I have a dataframe that has a pretty big gap between values, that it'd be logical to use log scale on the graph. Something like this:
df <- data.frame(
Type = c("A", "B", "C", "D"),
Value = c(1e3, 2e3, 4e5, 8e6),
Efficiency = c(70, 72, 80, 88)
But instead of using 'numerical' as a data type on 'Value' column, I want to use 'factor' data type, so that the graph will just have 4, equally spaced data points (ie - 1e3, 2e3, 4e5, 8e6), instead of a continuous, log-scaled x-axis which I won't be able to get it equally spaced out, or have the exact values shown for each data entry. So I have converted the Value to 'Factor'
# Convert set columns to specified data type
factor_cols <- c("Type", "Value")
df[factor_cols] <- lapply(df[factor_cols], factor)
The problem I have is I need to display the data on the x-axis in scientific notation, but for whatever reason, I always get the lower values in numerical and the higher values in scientific notations. code I used:
# Plot summary graph
ggplot(df, aes(x = Value, y = Efficiency, color = Type)) +
geom_point(size = 3, alpha = 0.7)
I tried using scale_x_discrete() but doesn't seem to help.
How do I make all values from the 'Value' string (i'm not even sure if we call that a string or a datatype?) in scientific notation? Also, if you were to use 'Value' in numerical format, is there a way to format the graph so the data points are equally distributed on the x-axis while also indicating the respective data values on the x-axis scale?
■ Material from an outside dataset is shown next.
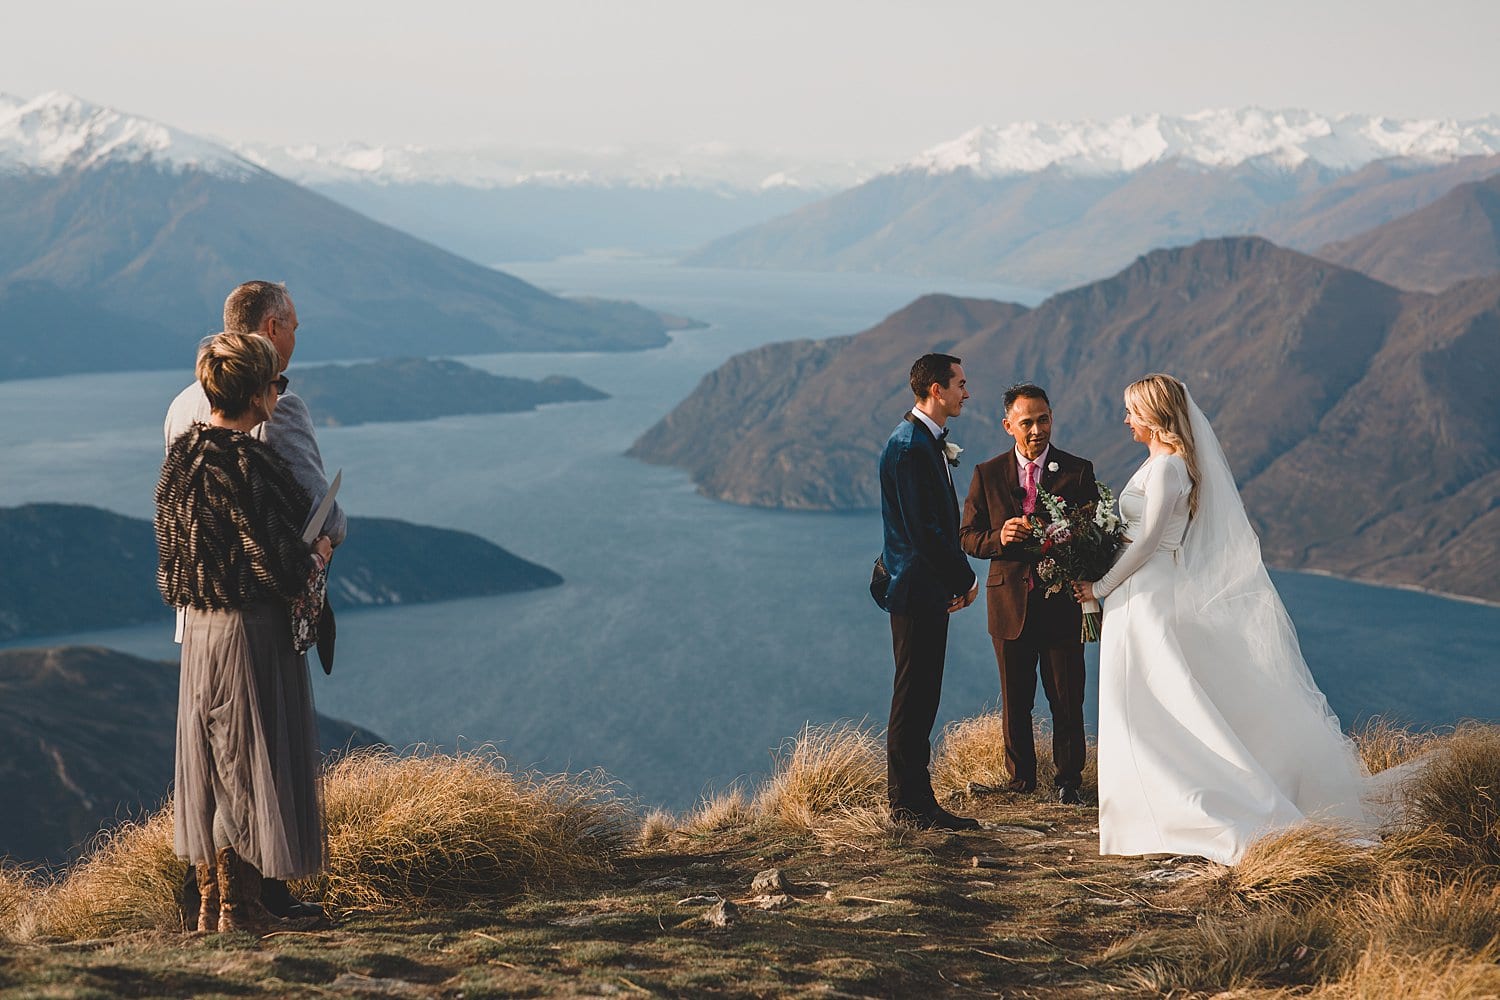 Coromandel Peak Mountain Wedding

You can use format(.., scientific=TRUE)
or scales::label_scientific()
.
df <- structure(list(Type = c("A", "B", "C", "D"), Value = c(1000, 2000, 4e+05, 8e+06), Efficiency = c(70, 72, 80, 88)), class = "data.frame", row.names = c(NA, -4L))
df |>
transform(
Type = factor(Type),
Value = reorder(factor(format(Value, scientific=TRUE)), Value)
) |>
ggplot(aes(x = Value, y = Efficiency, color = Type)) +
geom_point(size = 3, alpha = 0.7)
Edited to include the use of reorder
to ensure the levels are ordered by magnitude, not alphabetically (the default behavior of factors).